[Data block]
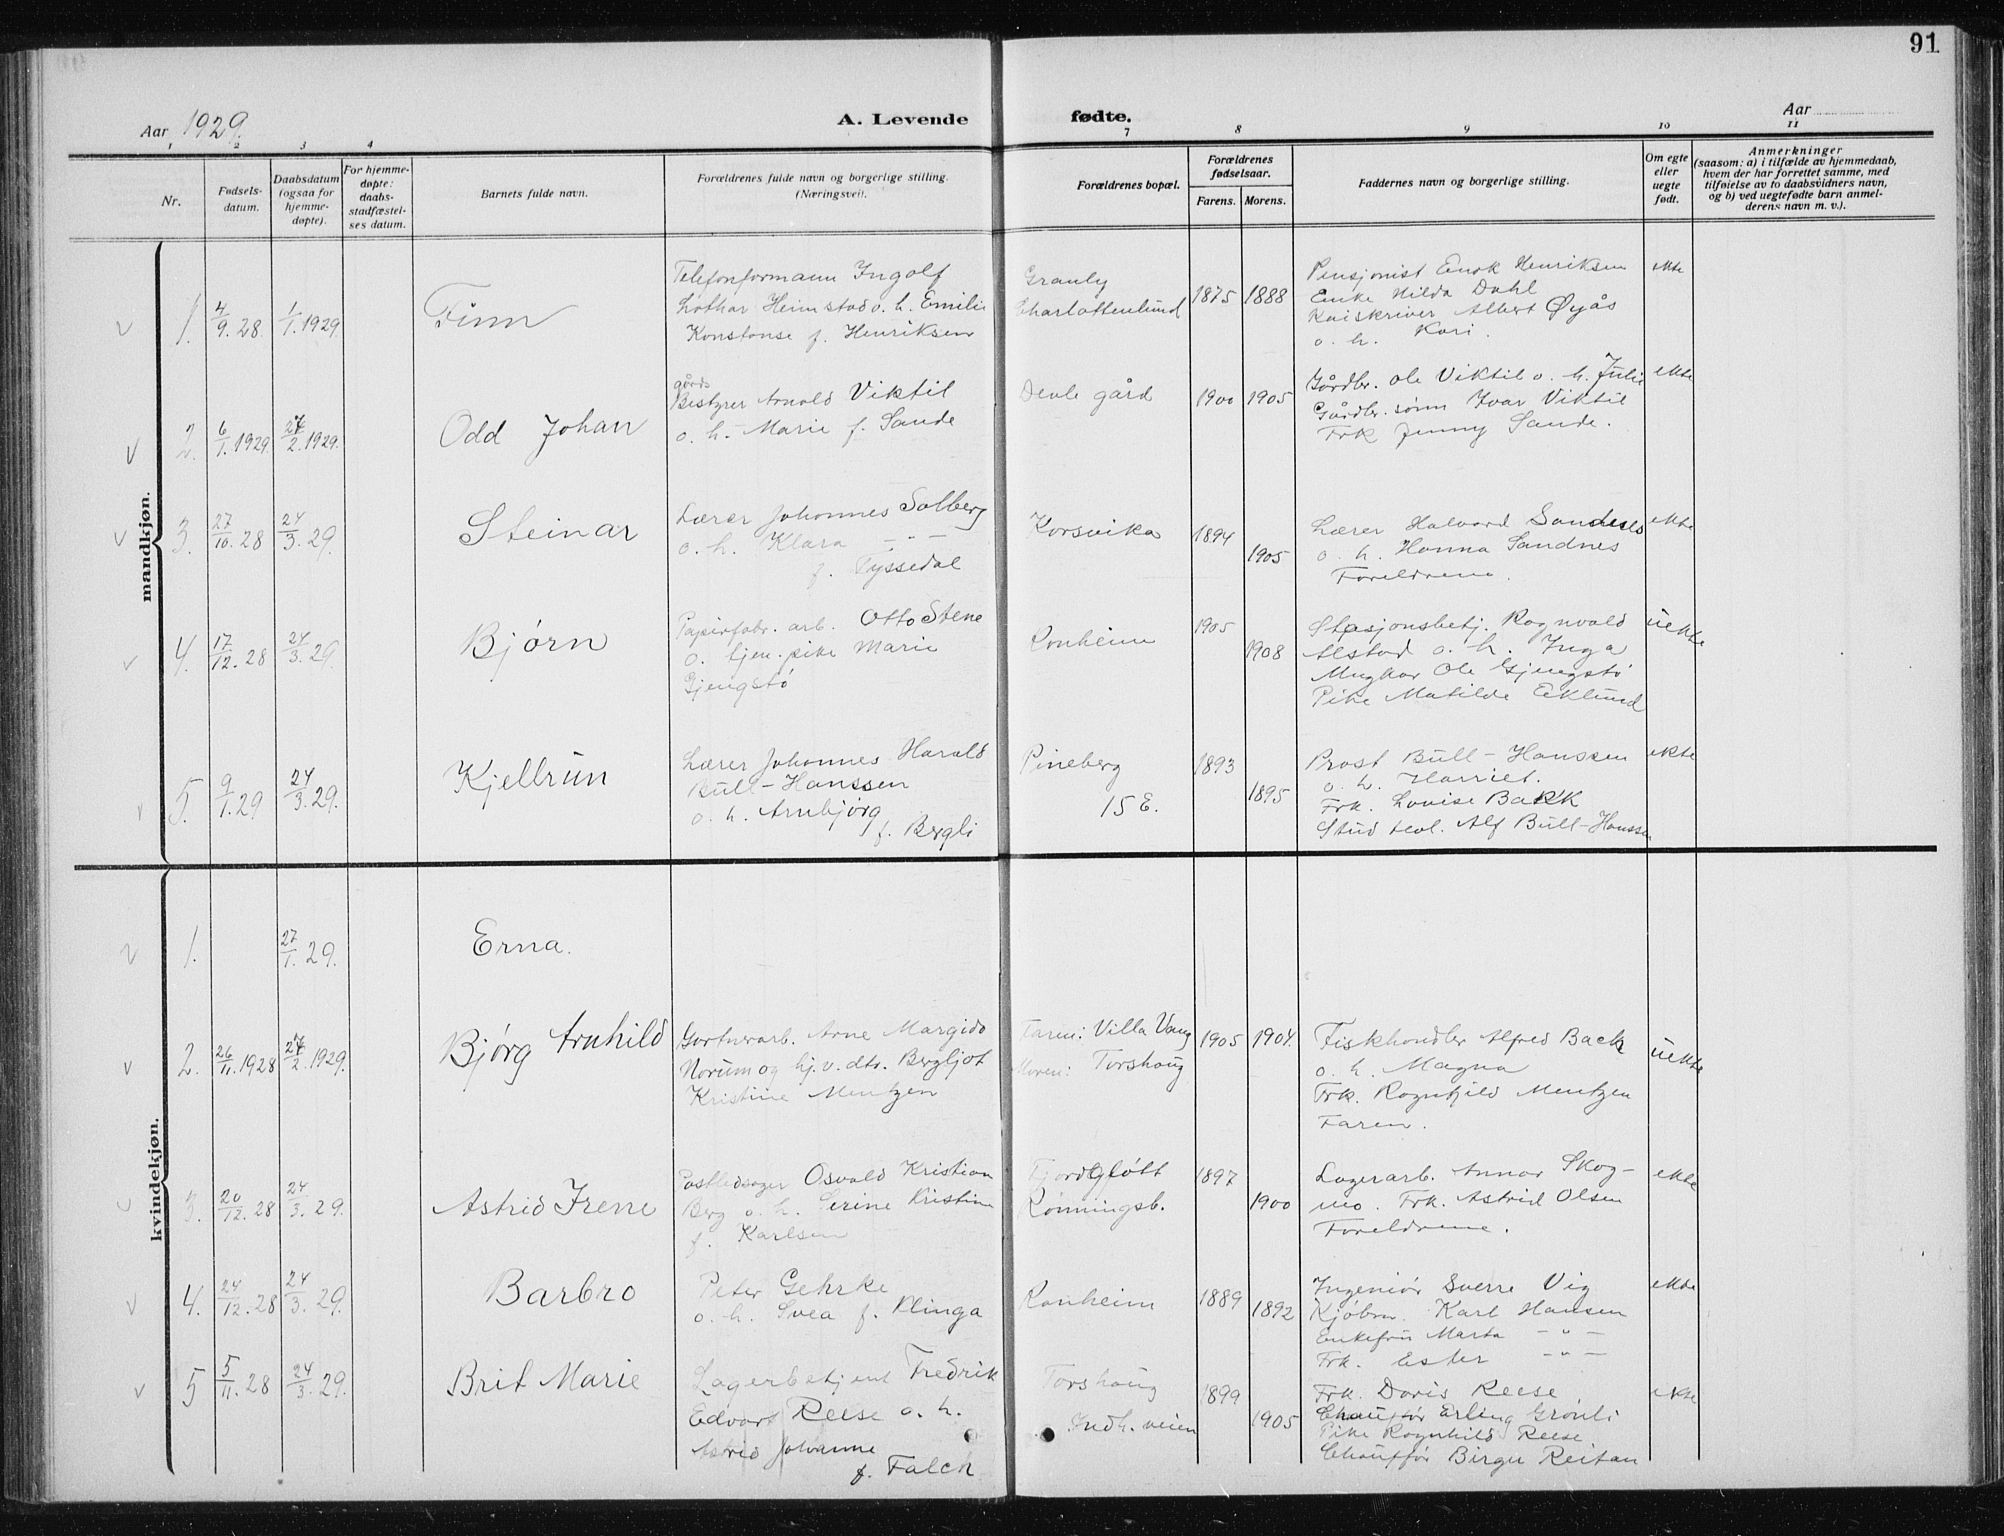 SAT, Ministerialprotokoller, klokkerbøker og fødselsregistre - Sør-Trøndelag, 606/L0314: Klokkerbok nr. 606C10, 1911-1937, s. 91
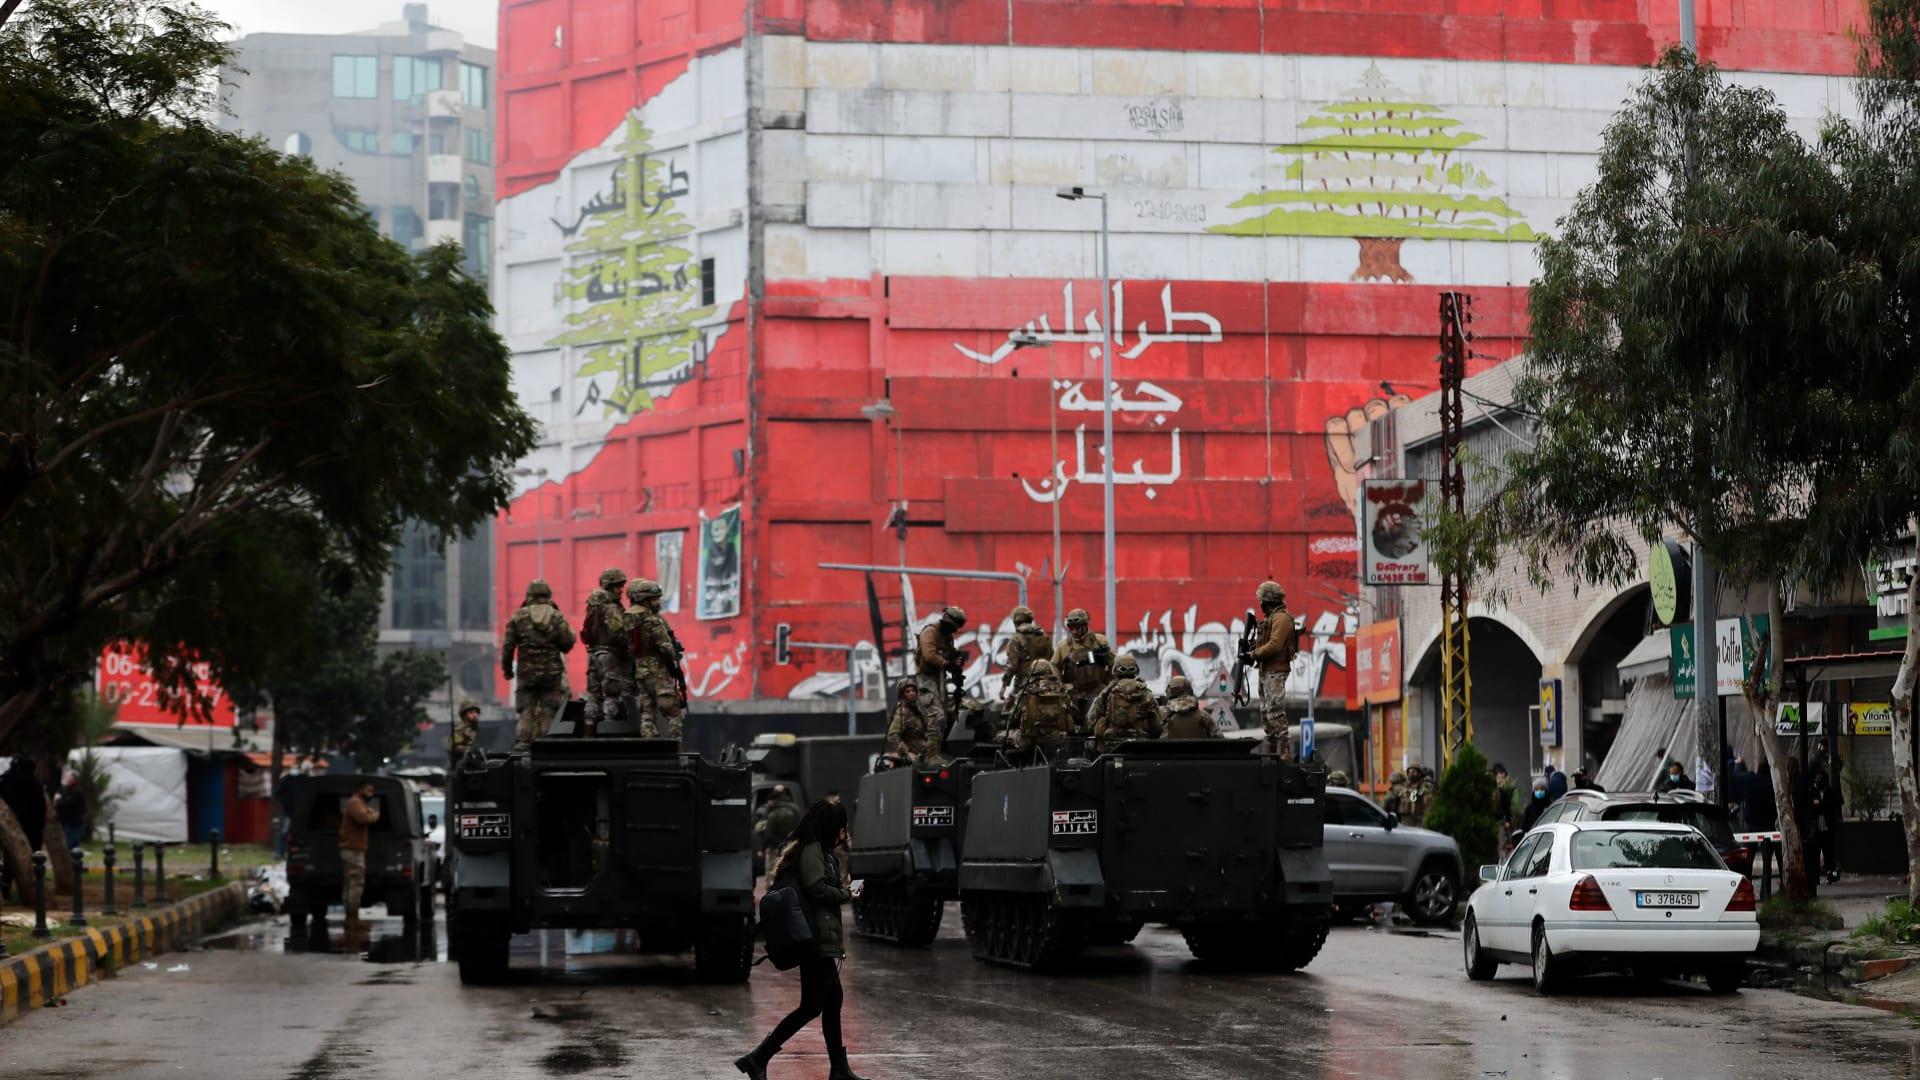 عناصر الجيش اللبناني خلال مواجهات مع متظاهرين مناهضين للحكومة أمام السراي  في مدينة طرابلس
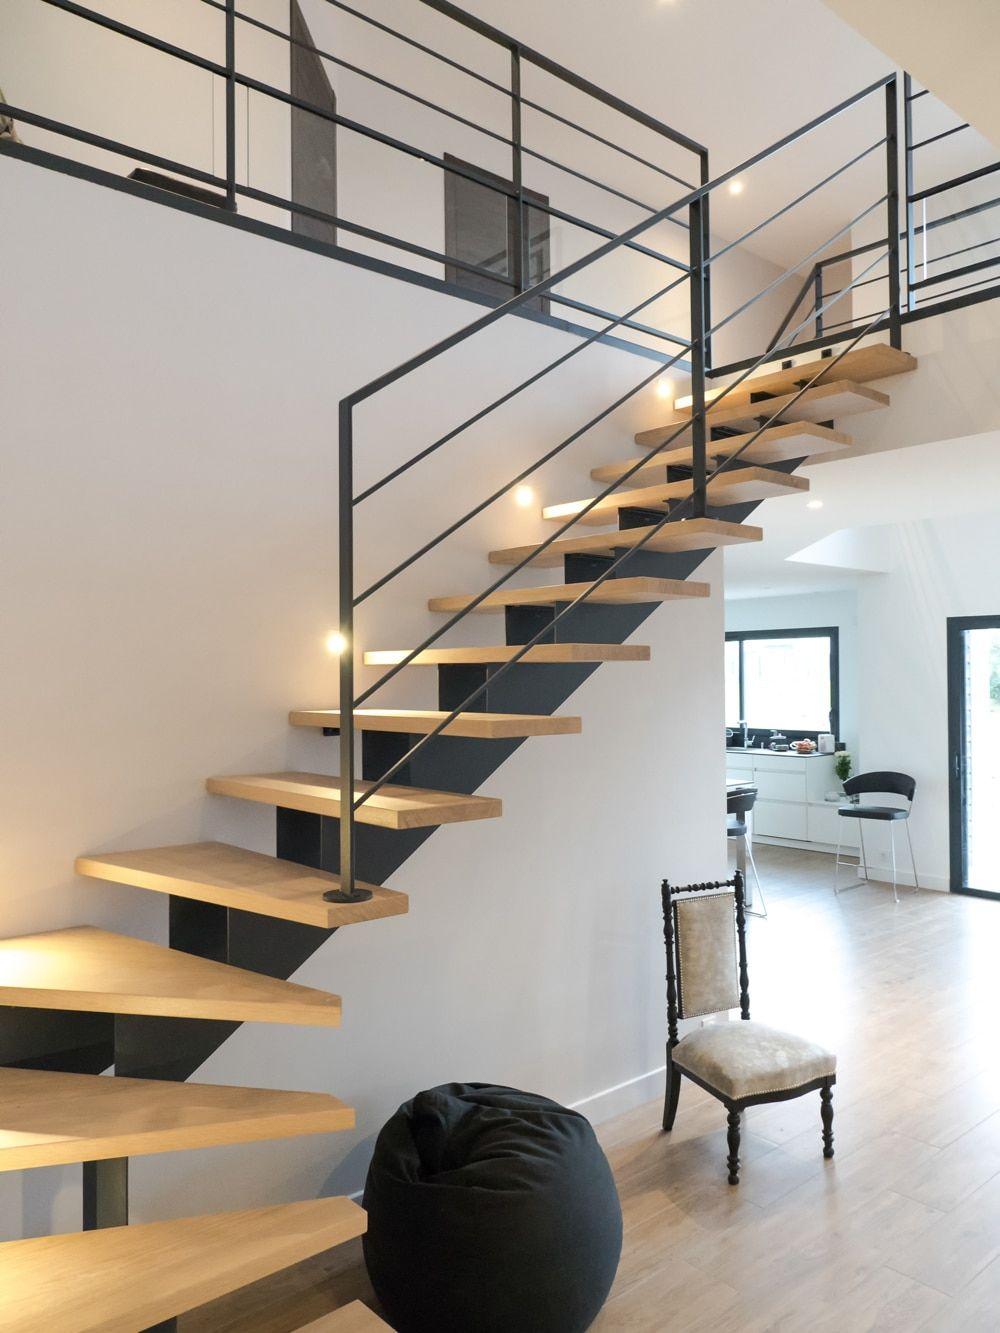 d u00e9couvrez cet escalier droit au design ultra moderne  de par sa conception originale  cet

[Instructions for the task] Return the complete material exactly as given, excluding images.

[Response below]
 SAT, Ministerialprotokoller, klokkerbøker og fødselsregistre - Sør-Trøndelag, 606/L0314: Klokkerbok nr. 606C10, 1911-1937, s. 91
 عناصر الجيش اللبناني خلال مواجهات مع متظاهرين مناهضين للحكومة أمام السراي  في مدينة طرابلس
 d u00e9couvrez cet escalier droit au design ultra moderne  de par sa conception originale  cet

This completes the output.